Given: $$f(x,y)=\frac{1}{π}; x^2+y^2<1$$

Find:$P(Y> \max\{X,-X\})$

I understood the the range is that of a circle but I have no clue where to begin. Kindly help.

Answer 1

Most simply put, $\max\{X, -X\} = |X|$ and the angle at the cusp of the absolute value function is $\pi/2$, or $\frac 14$ of the disk. Thus the area above $|X|$ is $\frac 14$ of the area of the disk, so

$$ P(Y > \max\{X, -X\}) = \frac 14. $$

Answer 2

I think the best way to approach this problem is to think about it geometrically. One way to think of this is "what fraction of the area enclosed by the unit circle satisfies $Y < \max(-X,X)$ (or equivalently $Y < |X|)?"

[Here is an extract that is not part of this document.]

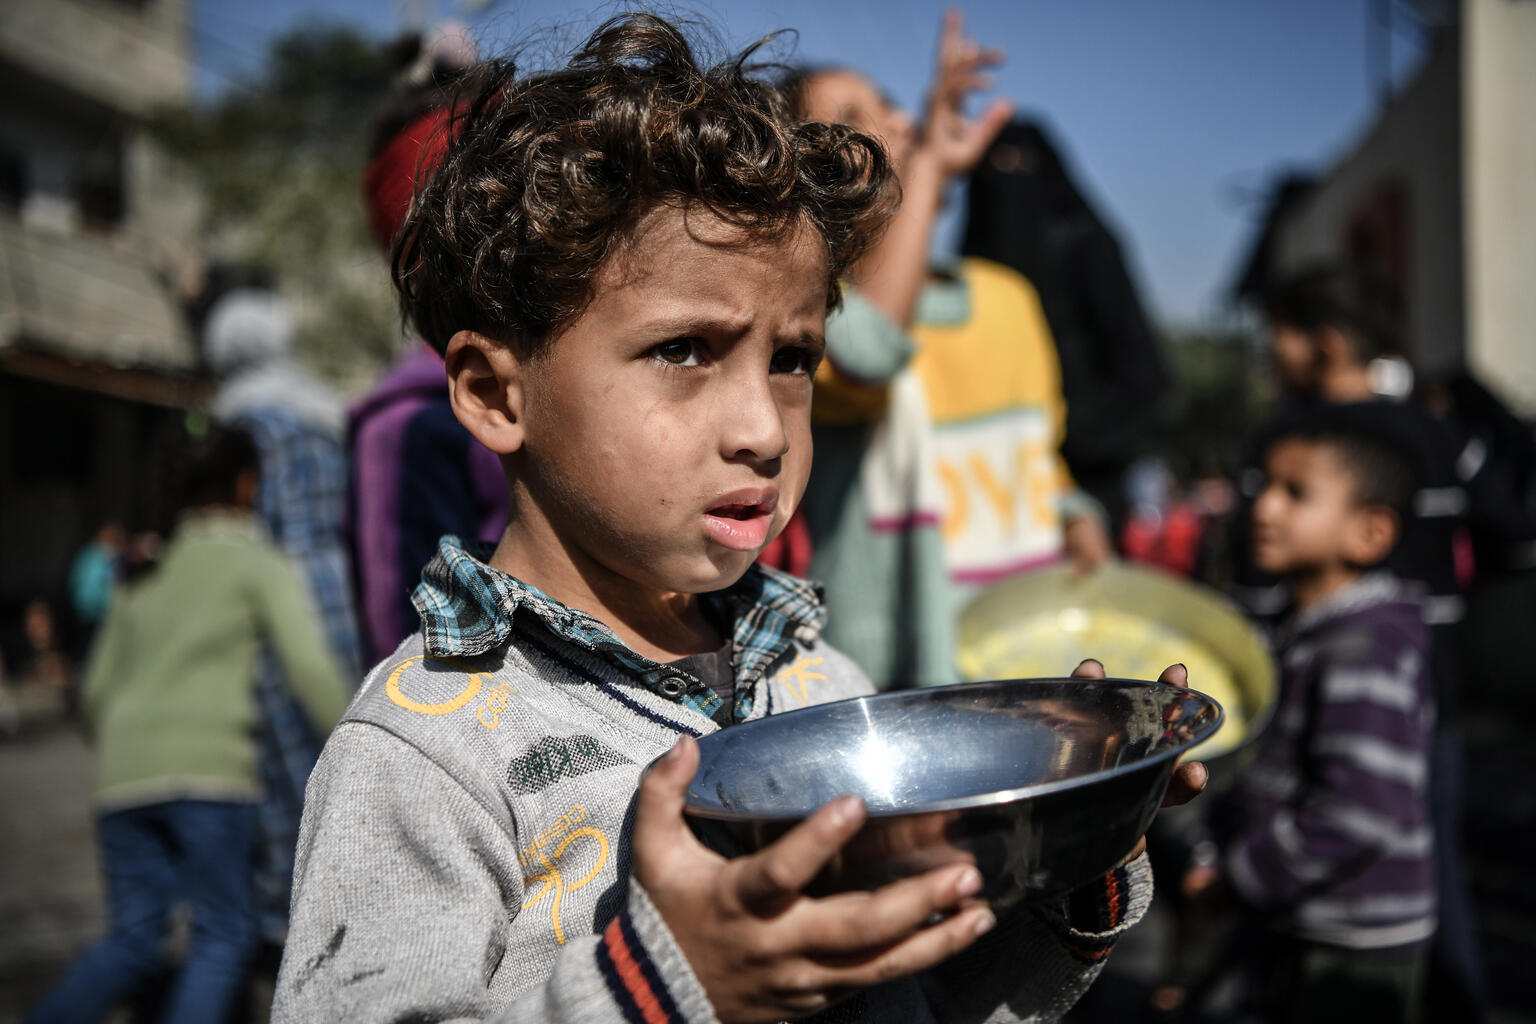 Ahmad, 5-years-old, waits his turn in the crowd to get a meal from a charitable hospice that distributes free food in the city of Rafah, southern the Gaza Strip. Source: Unicef - Abed Zagout

First, if $Y < 0$, then we see that $Y < -\max(-X,X)$ because we know that $\max(-X,X)$ must be non-negative. We know that $Y < 0$ occurs for half of the points of the unit circle, so now we know the conditional probability $P(Y < \max(-X,X) | Y < 0) = 1/2$.

If $Y > 0$, then there are two cases to consider. If $X > 0$, then having $Y < \max(-X,X) = X$ requires that the point $(X,Y)$ is located below the line $Y = X$ and above the $X$-axis, and, geometrically, this line emanates from the center of the circle at a 45 degree angle with the $X$-axis. Therefore the sector of points satisfying the condition $Y < \max(-X,X)$ constitute a fraction of $\frac{45}{360} = \frac{1}{8}$ of the circle.

If $Y > 0$ and $X < 0$, then the condition $Y < \max(-X,X)$ reduces to $Y < |X|$ which (for negative $X$) means that points $(X,Y)$ must lie between the line $Y = -X$ and the $X$-axis. These satisfactory points also occupy a fraction of $\frac{45}{360} = \frac{1}{8}$.

A point $(X,Y)$ satisfies $Y < \max(-X,X)$ if and only if $(X,Y)$ lies in one of the regions describe above, which collective account for a fraction of $\frac{1}{2} + \frac{1}{8} + \frac{1}{8} = \frac{3}{4}$ of the total area of the circle, and we see $$ P(Y < \max(-X,X) = \frac{3}{4}$$

If you want the probability of the complementary event, you could then conclude that $$P(Y > \max(-X,X)) = 1 - P(Y > \max(-X,X)) = 1 - \frac{3}{4} \Longrightarrow P(Y > \max(-X,X)) = \frac{1}{4}$$